Every generation reinvents Lincoln in its own image. He has been variously described as a consummate moralist and a shrewd political operator, a lifelong enemy of slavery and an inveterate racist. The most recent full-scale biography, by David Donald, published in 1995, offered a Lincoln buffeted by forces outside his control, a man of few deep convictions who failed to lead public opinion – rather like Bill Clinton. Although conceived before 11 September, both Richard Carwardine and Daniel Farber’s books have at least one eye on the present.

Carwardine focuses on Lincoln’s relationship to different kinds of power – political, military and moral, and the power of public opinion and religious enthusiasm in an overwhelmingly Protestant democracy. (Although feminists have demonstrated that power is an issue in intimate settings too, this is very much a study of Lincoln as a public figure.) Carwardine’s organising theme appears to have been dictated by the title of the series, Profiles in Power, in which the book appears. But it works extremely well. The book offers an insightful, judicious and in some ways original study of Lincoln’s public career.

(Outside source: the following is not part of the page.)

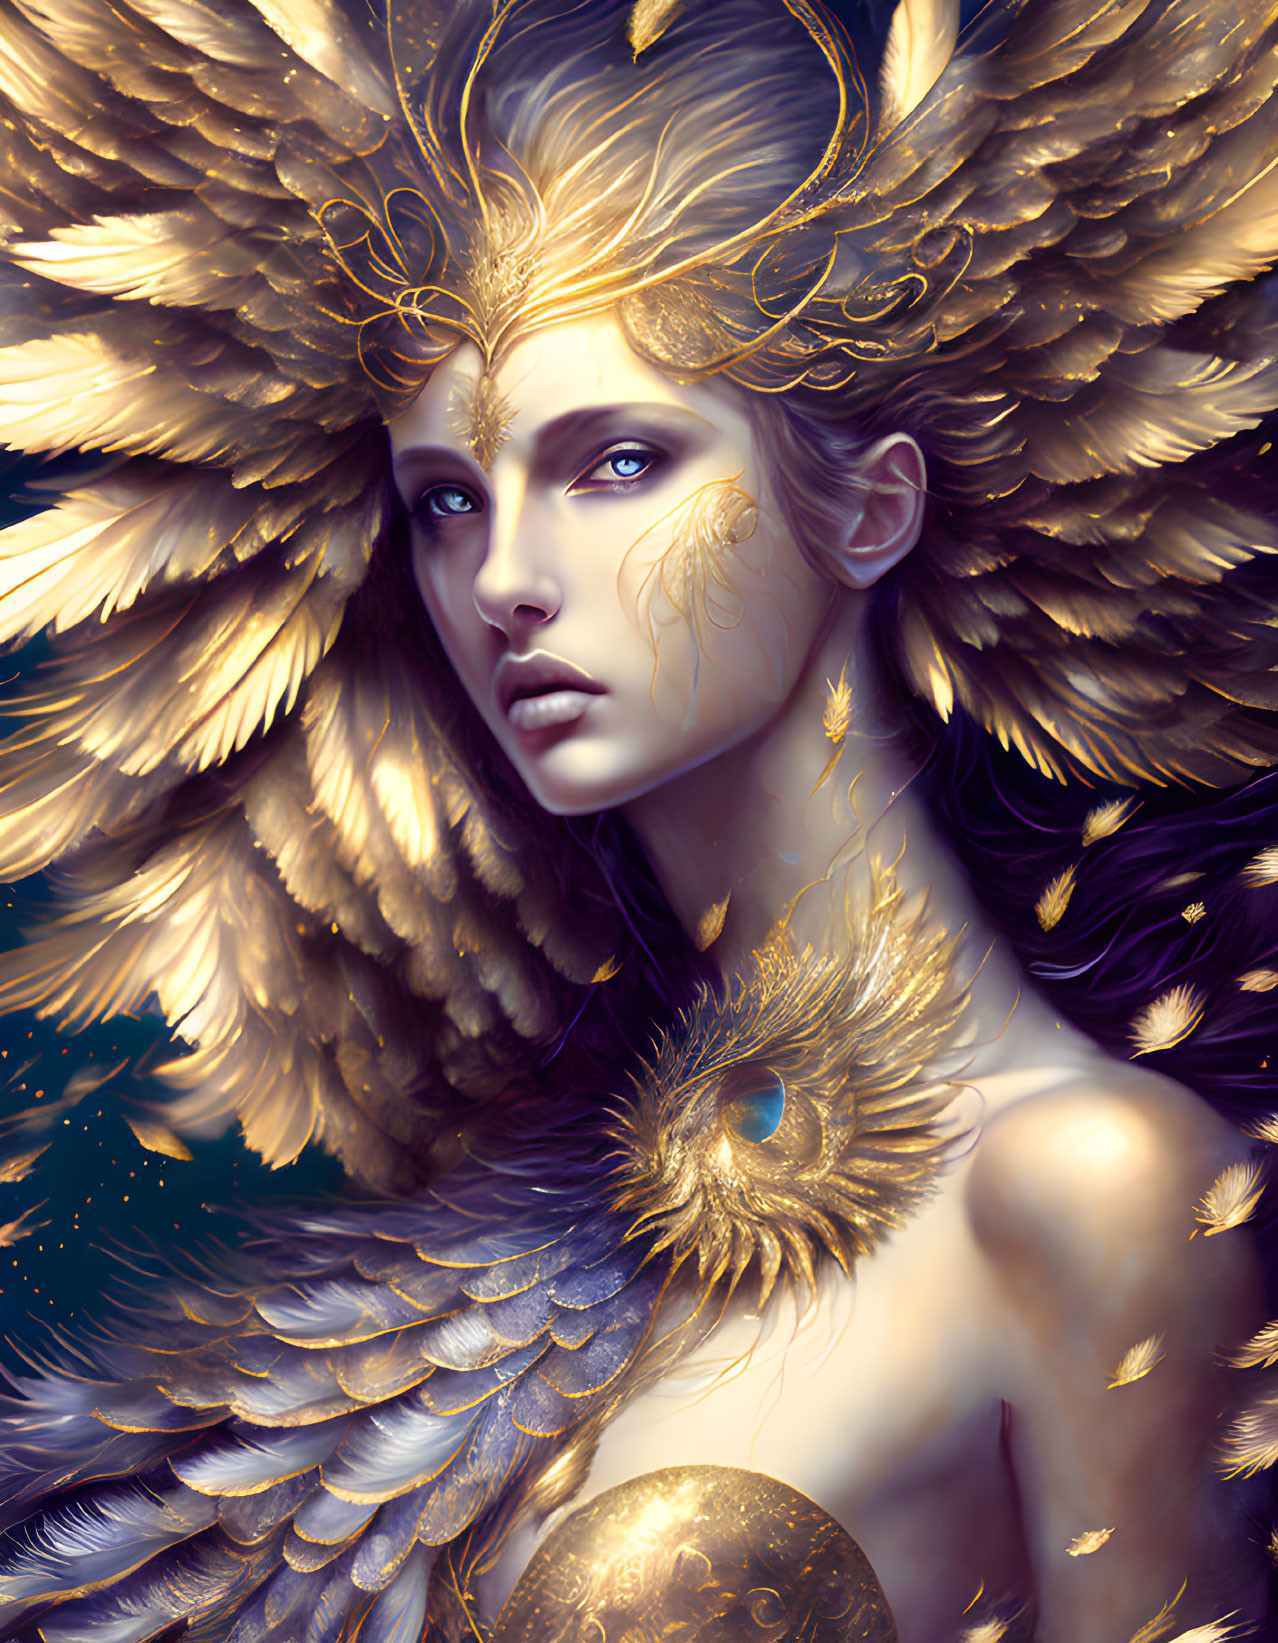 Golden-winged woman with ornate headpiece and peacock feather accent
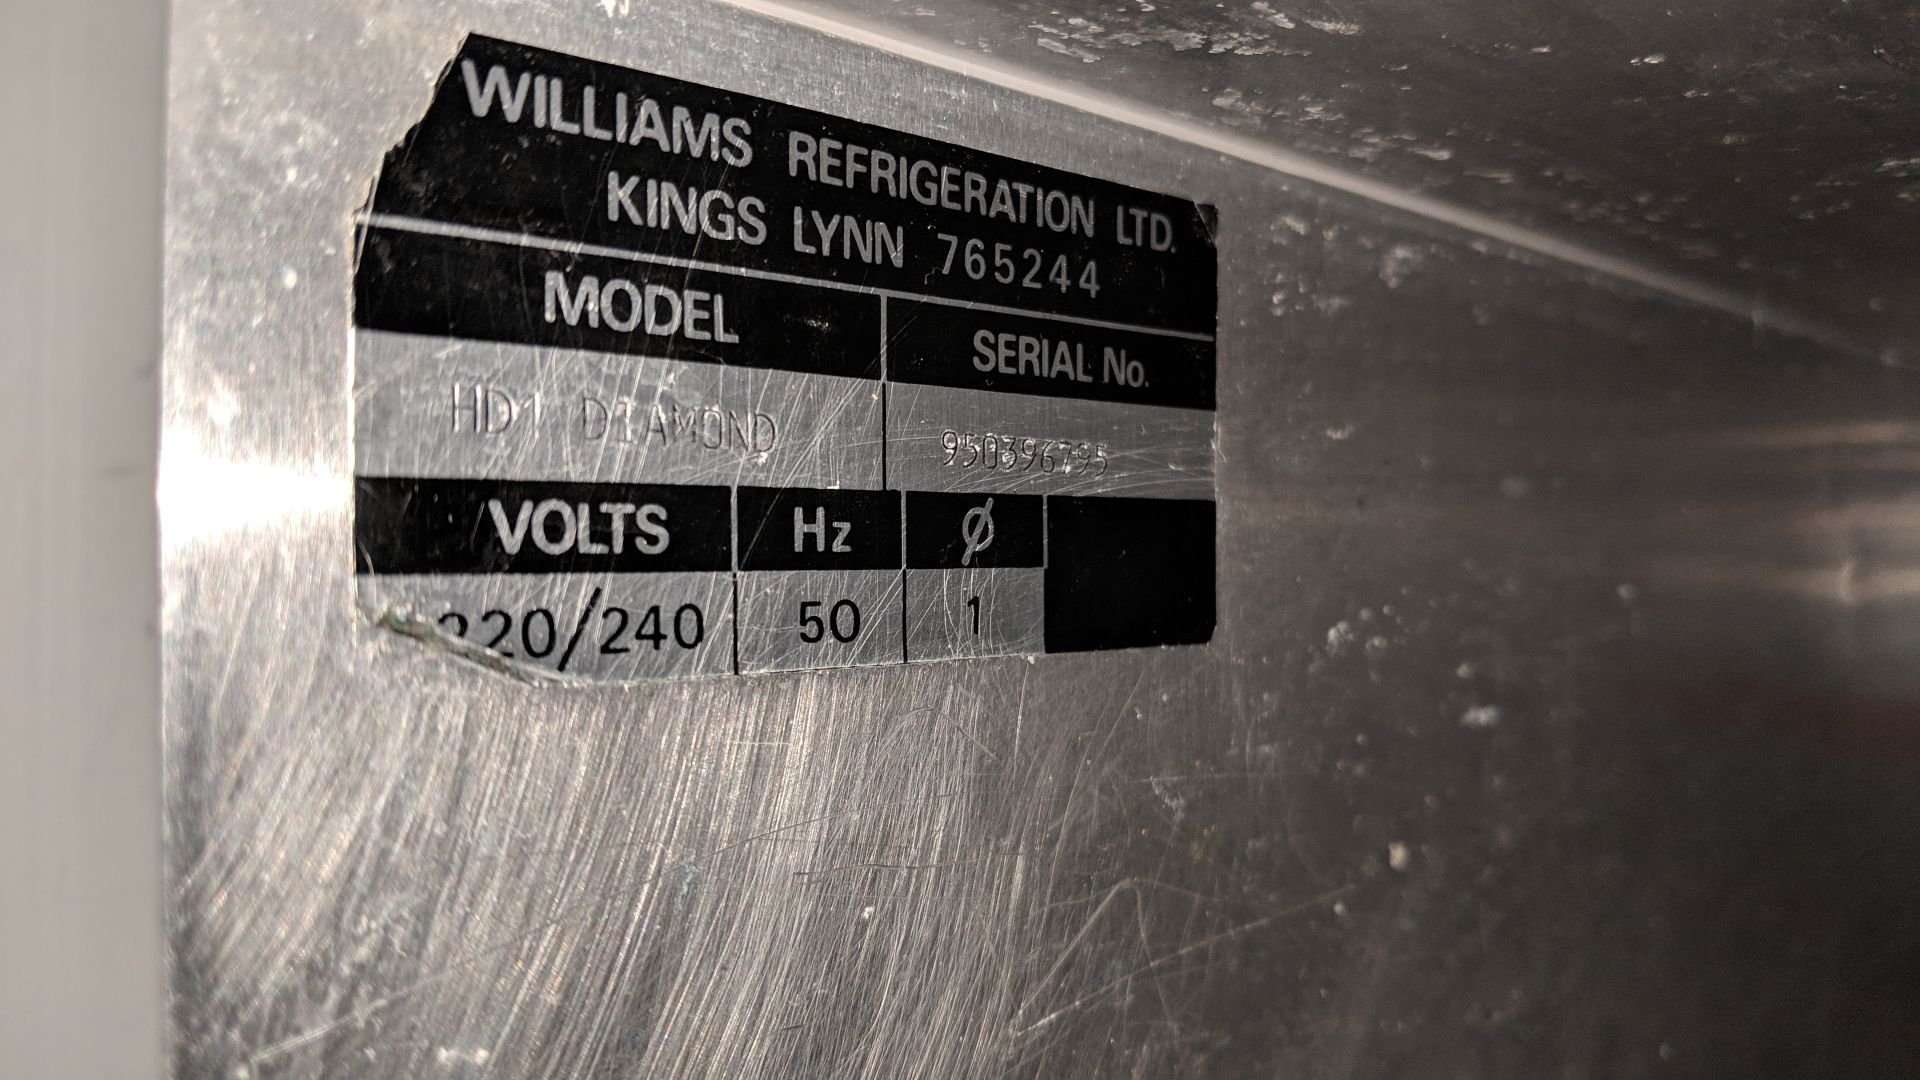 Williams HDI Diamond stainless steel tall fridge IMPORTANT: Please remember goods successfully bid - Image 3 of 3

Where Carwardine breaks new ground is in his treatment of Lincoln’s complicated relationship to evangelical Protestantism. Lincoln came of age during the Second Great Awakening, a prolonged series of religious revivals that reinvigorated and democratised American Christianity, but seems to have been unaffected by these revivals. As a youth, he had a reputation as an ‘infidel’, who read Paine’s Age of Reason and never became a member of a church. But he studied the Bible carefully, and biblical language and cadences suffused his rhetoric.

What little Carwardine says about Lincoln’s religious beliefs is, unavoidably, speculative, but he effectively demonstrates that Lincoln appreciated evangelicism’s political significance. During the 1850s, he worked to mobilise the political activism of those Protestant believers who saw the Republican Party, with its anti-slavery positions and thinly veiled hostility to Catholic immigrants, as the ‘Christian party’ in politics. As President, he frequently met with ministers at the White House and harnessed their vision of the war as a divinely inspired battle between national sin and national redemption. Carwardine shows how brilliantly Lincoln fused appeals to Protestant millennialism and Enlightenment rationalism, to the Bible and the Declaration of Independence, in the Union cause. During the war, he learned to use ‘cadres of mainstream Protestants’ as his ‘ideological shock troops’, and his success in creating powerful public sentiment in support of the war effort contrasted dramatically with the failure of his Confederate counterpart, Jefferson Davis, to mobilise Southern public opinion effectively.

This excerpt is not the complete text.